What should we do? Are we being rude or bad hosts? Is it unreasonable to expect them to be responsible and drive home that night?
Post # 2
I would never go for this, you aren’t obligated to host them for the evening. They need to arrange for a cab service if they are really unable to have a designated driver. Hold firm.
Post # 3
sarah74: Just tell them “Hey guys, are you serious? It’s our wedding night and we don’t plan on sharing it with anyone, even our closest friends and family.”
Have you checked out the cost of providing a shuttle to the nearest motel?
Post # 4
sarah74: I would say that you should maybe provide transportation for people so they don’t drink and drive. Then they would have no reason to stay over.
Post # 5
wow…… people asking to stay in your house? That is insane…..
I would tell them no….. a big giant no………..
Post # 6
A resounding NO to those that wish to invade your privacy on your wedding night. Sorry, but 20 minutes away isn’t a big deal, and a shuttle is a perfect solution. Look into it. That way, you’re still taking care of your guests and maintaining your sanity. Don’t waver to them. This is YOUR wedding night. Protect it! 🙂
Post # 7
Yes, a circulating shuttle to/from hotel makes perfect sense.
Post # 8
You could contact transportation services and rent a school bus to make trips to the nearest accommodations with blocks for guests.
In my area, there are Designated Driver companies like Keys to Us that you can rent for special events. I believe it can range in price depending on how many drivers you want and how far they are taking the guests, but I believe they start at $200.
You could combine these as well, have a bus for out of towners to the hotel and DD service for those that live closer that don’t want to drive.

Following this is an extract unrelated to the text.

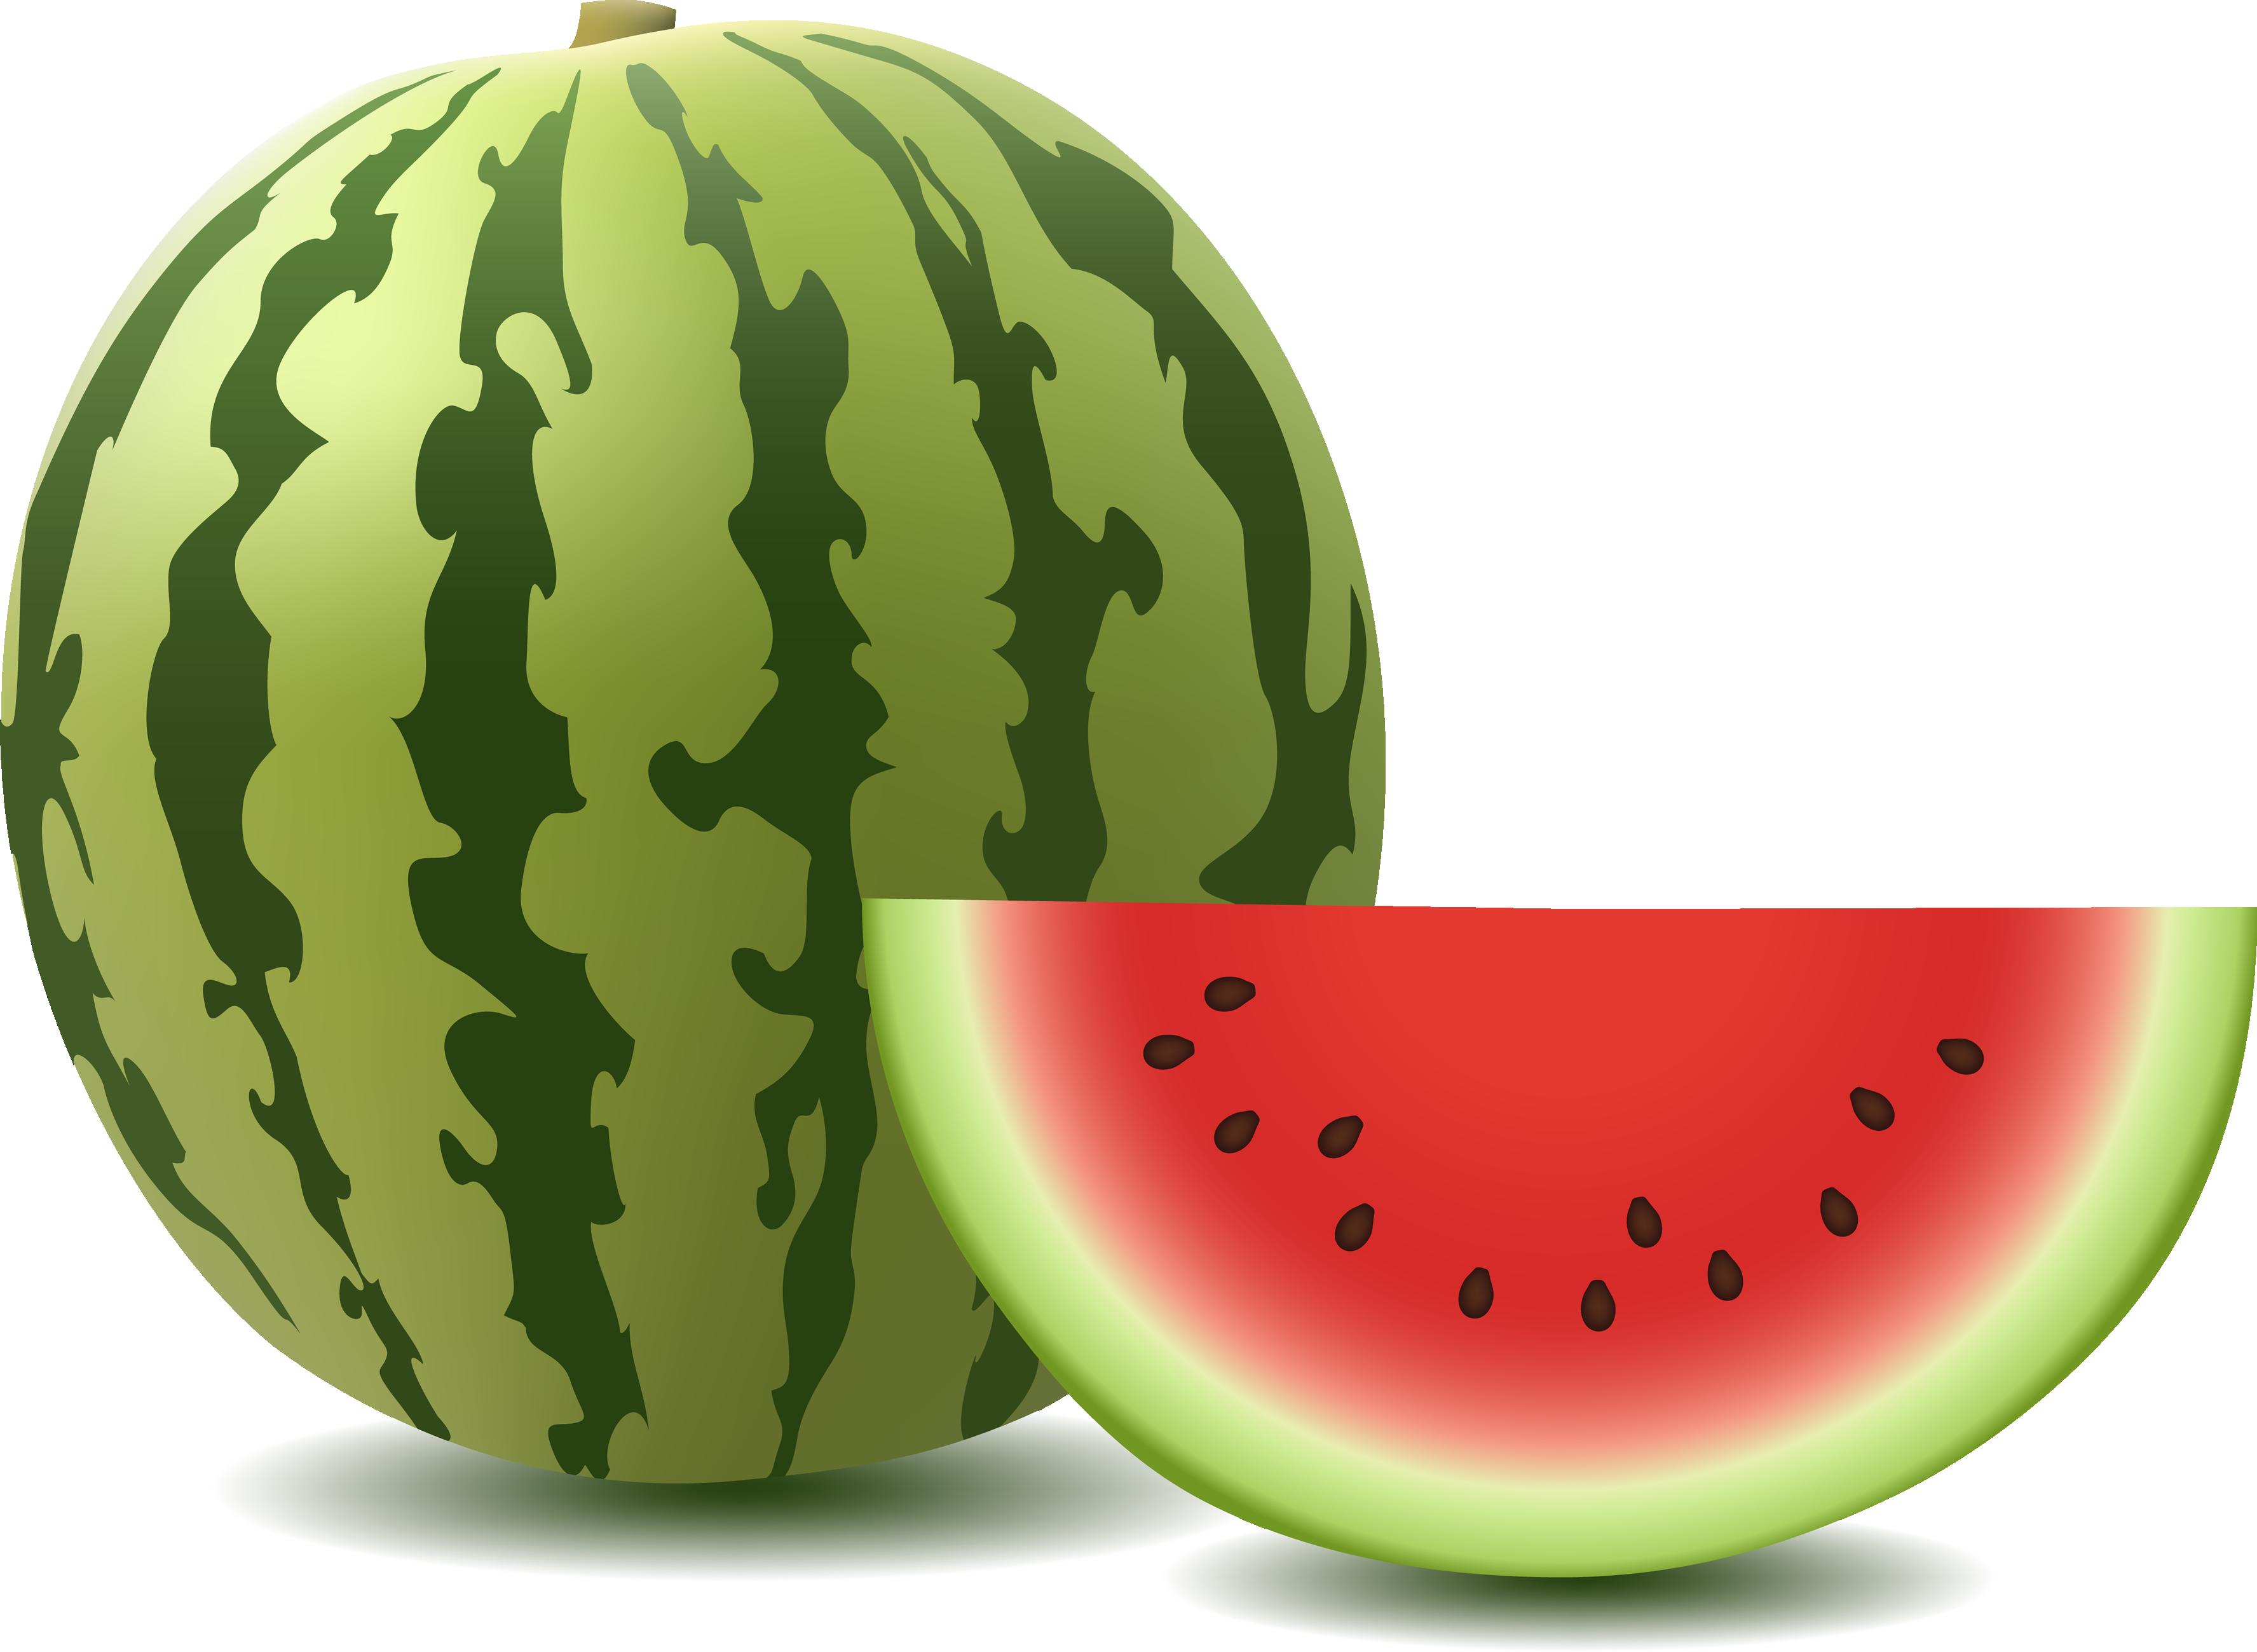 Watermelon xigua clipart clip art freeuse download Melon,Watermelon,Citrullus,Cucumber, gourd, and melon family ... clip art freeuse download

They give you peace of mind that your guests are safe, but you get your much deserved privacy.
Post # 9
sarah74: If you can afford it maybe put on a mini bus back to the town where most of these people live/where the motel is? That way they can drink if they wish but you get out of them staying over at your house. It is rude of them to ask really – I would never think newlyweds want a bunch of drunk people staying in their house/yard on their wedding night!
Post # 10
No, you do not have to let them stay.
You don’t have to even provide a shuttle! It would be a vet generous thing, but 100% not required. They are adults. Then can act like it and figure out their own transportation.
Post # 11
I would hire a school bus that continually circulates back and forth between hotel and your home.
Post # 12
If it isn’t too expensive, I would do a shuttle for them that drops off at a central point – “town” makes me think they should be able to walk home from where they get picked up/dropped off.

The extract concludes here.